Background and Objectives Epinephrine, 25 μg and 200 μg, has been found to prolong the duration of intrathecal labor analgesia when added to an opioid. In our hospital we use the standard epidural mixture, prepared by the pharmacist, containing epinephrine 1:800,000; i.e., 1.25 μg/mL for both spinal and epidural labor analgesia. We wanted to evaluate whether such a low dose, depending on its effect on duration or quality of analgesia, should be maintained or deleted in future mixtures.
Methods Forty-five term parturients were randomly assigned to receive 1.8 mL intrathecally of a mixture containing bupivacaine 0.125% and sufentanil 0.75 μg/mL with or without epinephrine 1.25 μg/mL. The quality and duration of analgesia, side effects, and obstetric/neonatal outcome were compared.

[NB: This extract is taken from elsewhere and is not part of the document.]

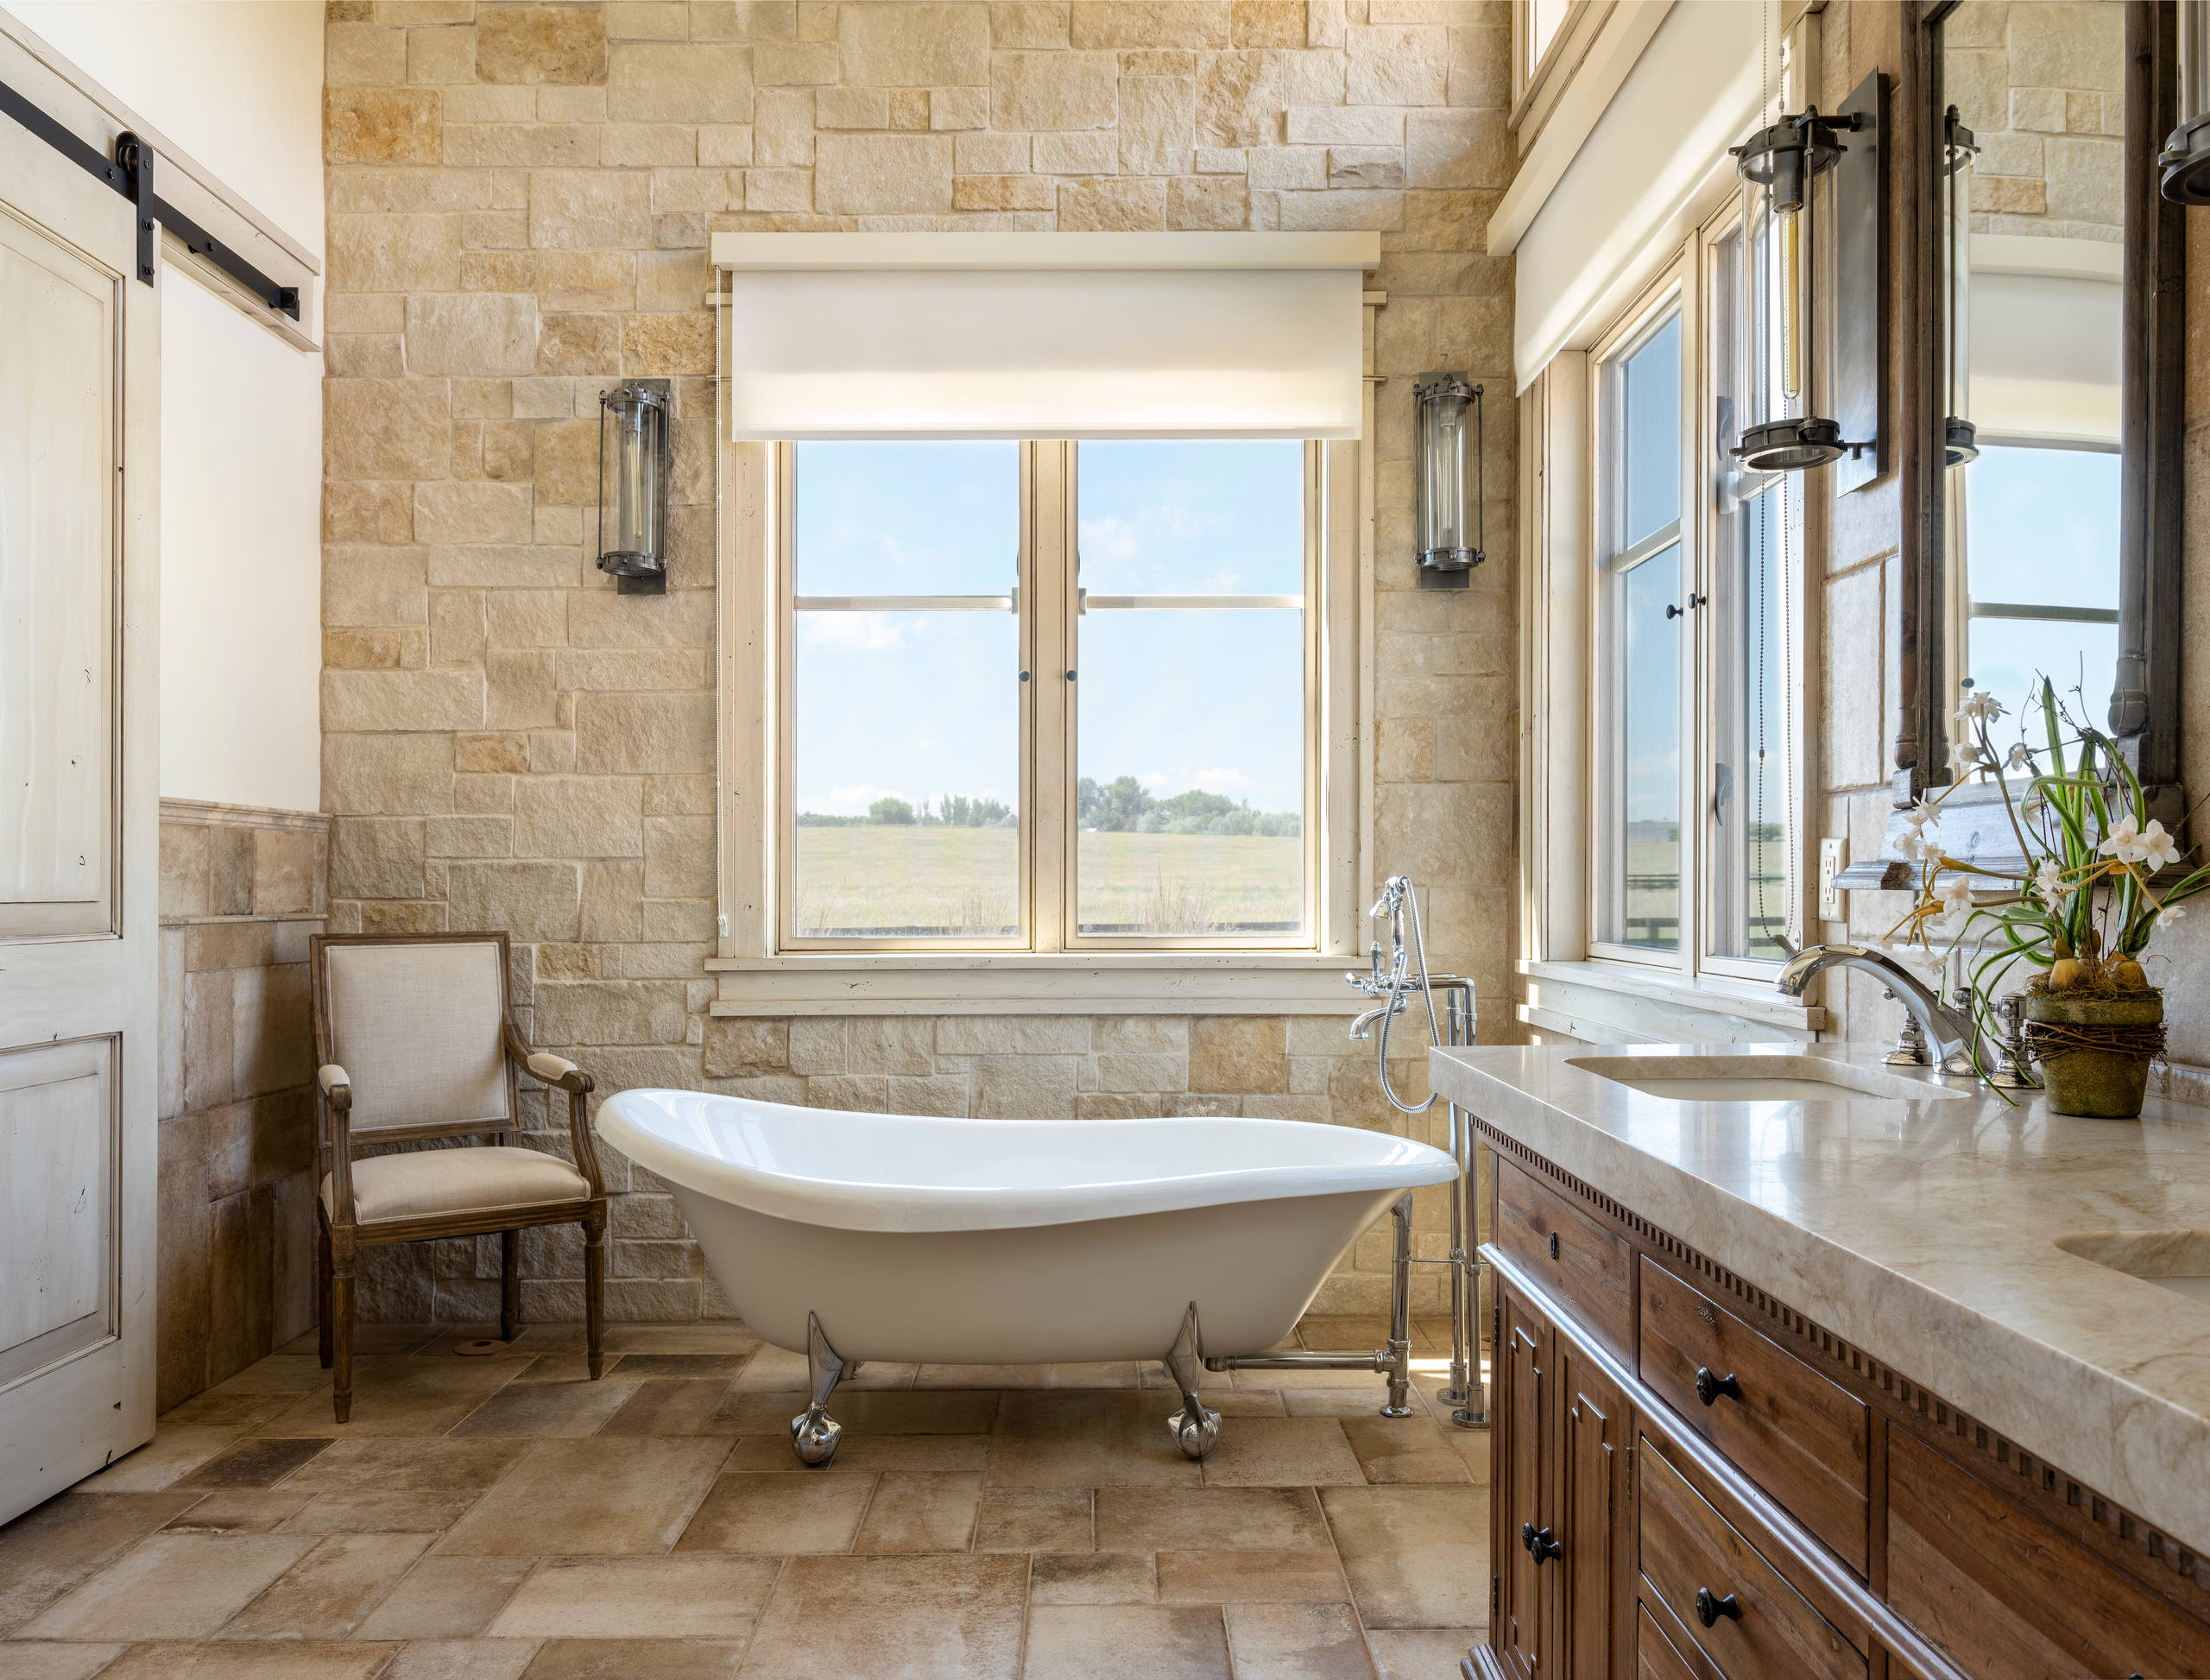 75 Beautiful Farmhouse Claw Foot Bathtub Pictures Ideas

Results For both combinations, the onset until the first painless contraction was between 5 and 6 minutes. Most patients were pain free during the second uterine contraction. The duration of complete analgesia was 93.2 ± 24.2 minutes in the epinephrine group and 79.3 ± 18.1 minutes for patients not receiving epinephrine (P = .014). The quality of the block, bupivacaine consumption, side effects, and obstetric/neonatal outcome were not different between groups.
Conclusions It was concluded that epinephrine in a dose as low as 2.25 μg significantly prolonged the duration of intrathecal analgesia of bupivacaine-sufentanil by 15 minutes. No other differences were noticed. Diluting the commercially available bupivacaine 0.5% with epinephrine 1:200,000 may avoid the need of freshly prepared epinephrine solutions.